Desdemona Chiang. Photo: Cheshire Issacs

Inspired by events in Yee’s father’s life, The Great Leap centers on Manford Lum, a 17-year old rising basketball player who brashly convinces a coach to include him in an American college team traveling to play in Beijing, China, for a friendship game. The play travels between 1971 and 1989 from Beijing and Chinatown in San Francisco. Those are two crucial times in U.S. and China relations. It wasn’t until 1972 that President Nixon visited China to open relations between the two countries, and 1989 was the time of the Tiananmen Square protests and massacre.

Lawrence Kao (L.)and Kurt Kwan (R.) in the Guthrie Theater production.
Subscribe and listen to Stage & Studio on: AppleGoogleSpotify, Android and Sticher and hear past shows on the official Stage & Studio website.
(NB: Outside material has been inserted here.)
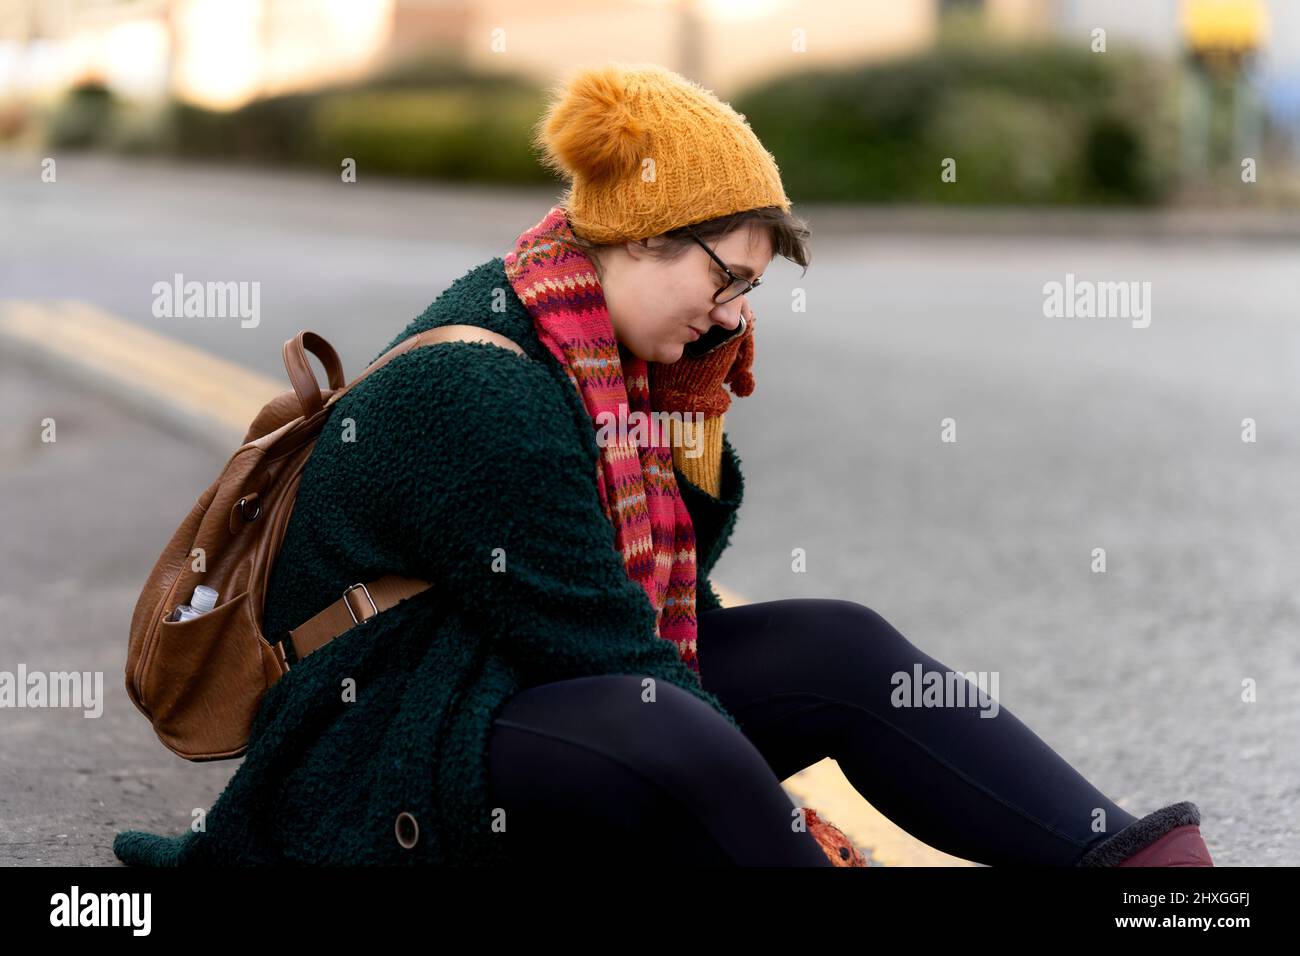 las mujeres jóvenes 20-25 se sentaron en conversaciones al borde de la carretera en el teléfono móvil las mujeres llevan sombrero de lana y bufanda con mochila en su espalda Foto de stock

Theme Music by Clark Salisbury. Sound design samples by Robertson Witmer.

In this podcast:

On racial equity in theater: “I want to believe in the ability for people to activate. But I also know how deep the fear of disruption can be. … Somehow moving that needle is so difficult. And I think for some people the conversation of racial equity is abstract because it doesn’t really affect them on a personal level…it’s not a lived experience….Until it’s a matter of life and death for you, and a matter of survival for you, it’s all good intentions.”

 Regarding anti-AAPI racism: “Where my family is at, it’s actually (a) heavily Asian immigrant community and it feels a little bit different because we’ve always been our own enclave… the reality of what’s happening to Asian folks in non-Asian centered communities…I feel like there’s more vitriol.”

About COVID fears: “My concern has always been my parents and my grandmother and all of my aunts and uncles in their 60s and 70s…making sure they are safe and they can go to the grocery store and not feel endangered.”

On directing a fast-paced live virtual production: “It feels a lot like what your broadcast news director would be doing … like when do I cut to the graphic, when do I bring in this person? It feels like that. … We’re using the software Vmix and I think a lot of theaters have pivoted to those types of platforms because Zoom is limiting in its ability to be production (focused) or creative.”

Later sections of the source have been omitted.